* **Data shown**:
####
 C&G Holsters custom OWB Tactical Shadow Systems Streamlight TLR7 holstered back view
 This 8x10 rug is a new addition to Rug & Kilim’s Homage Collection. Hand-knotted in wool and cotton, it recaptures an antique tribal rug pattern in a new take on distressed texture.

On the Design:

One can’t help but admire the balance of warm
####
* **What you have to do**:
The data above should be returned in full, exactly as written.

* **Answer to this problem**:
 C&G Holsters custom OWB Tactical Shadow Systems Streamlight TLR7 holstered back view
 This 8x10 rug is a new addition to Rug & Kilim’s Homage Collection. Hand-knotted in wool and cotton, it recaptures an antique tribal rug pattern in a new take on distressed texture.

On the Design:

One can’t help but admire the balance of warm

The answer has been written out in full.